Power to the Pink! A Conversation with Dr. Myrna Santiago, director of the Women’s and Gender Studies Program
“We’re small, but we’re pretty mighty.” Anyone familiar with the Women’s and Gender Studies (WaGS) program knows this to be true. I sat down with Dr. Myrna Santiago, head of WaGS, to talk about the history and future of WaGS in honor of Women’s History Month.

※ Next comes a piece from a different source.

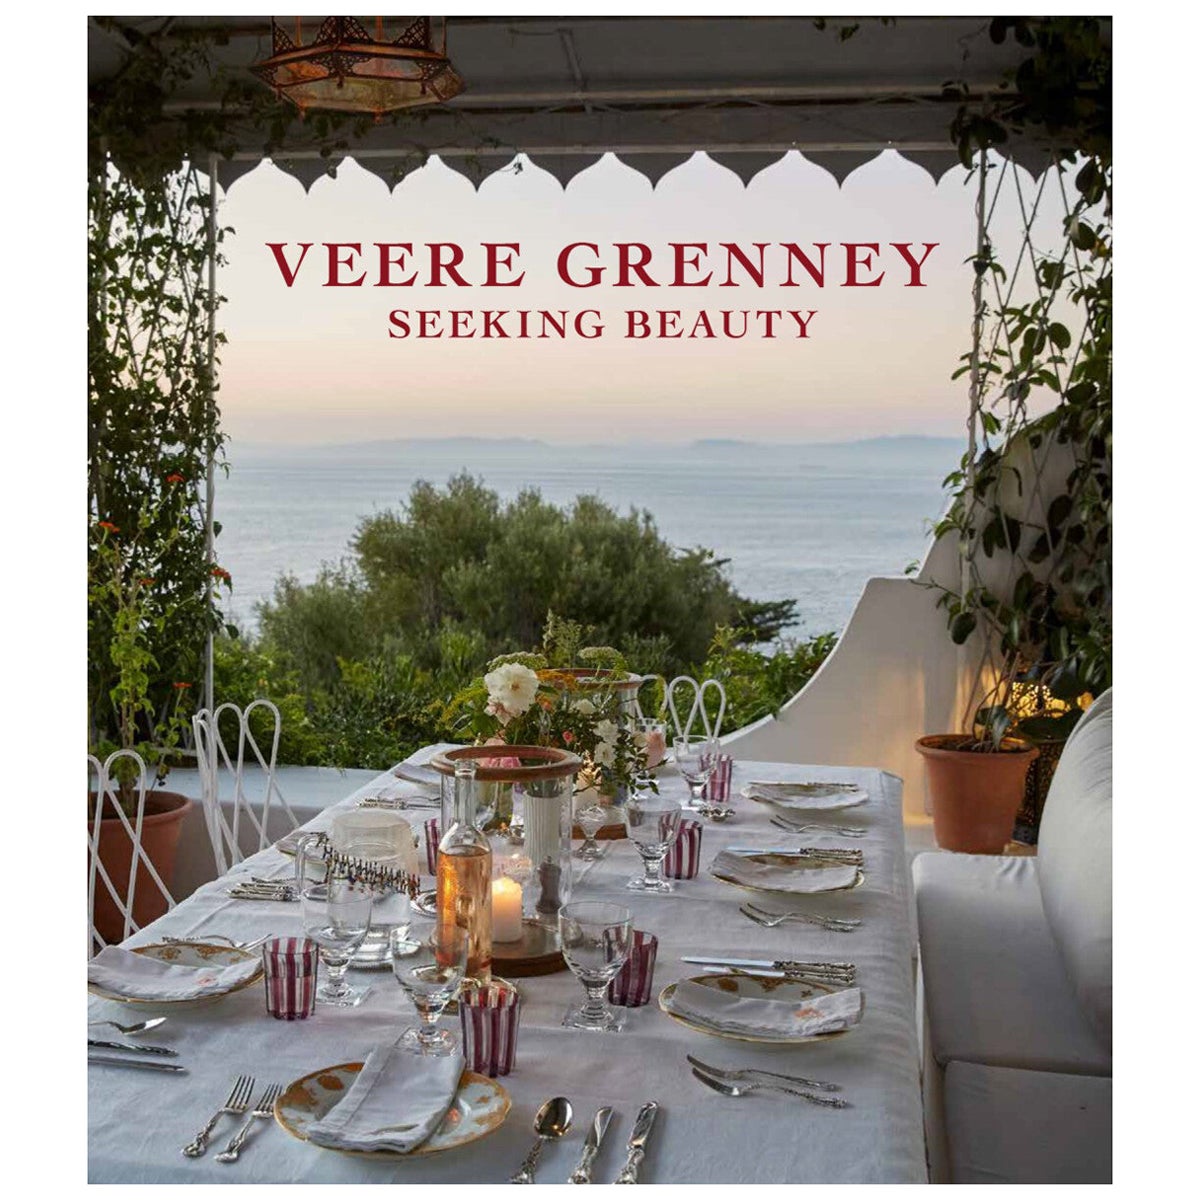 Veere Grenney Seeking Beauty, Buch „Seeking Beauty“ von Veere Grenney

Santiago shared that the program plays an integral role in student life. “The key to understanding Women’s and Gender studies on campus is that it is an academic program that is just smack in the heart of the liberal arts,” she shared. “This means we look at society from a critical standpoint and every single possible way.” Regardless of whether students are majoring or minoring in the field or just taking one or two classes, “they will acquire a vocabulary that allows them to interpret the word.” Santiago continues, “what Women’s and Gender studies does is that it provides certain tools and certain language and vocabulary to analyze their experiences critically and in larger contexts.”
For many students, this is a lifeline. “In their daily lives, [students] can decide, and they have decided at different points, that there are things that are wrong with the world,” Santiago states. “And, since their immediate world is Saint Mary's, [they realize] there are things that are wrong with Saint Mary’s and that they can analyze what's wrong and do something about it because they have seen in their Women’s and Gender studies classes how other groups of women at other points in time have discovered the same thing and have done something about it.”
However, the impact of WaGS goes way beyond the classroom. “Our role on the campus [is to be] a resource for the entire campus on any issue that has to do with women, gender, or sexuality because that's what we know,” Santiago shared. “That's what the different faculty know, that's what we study, that's what we do in the classroom every day. So in that sense, like we're the experts. That's our role: to be the experts on these questions. And we're always very happy to work with other colleagues and with the administration on whatever they need to know.”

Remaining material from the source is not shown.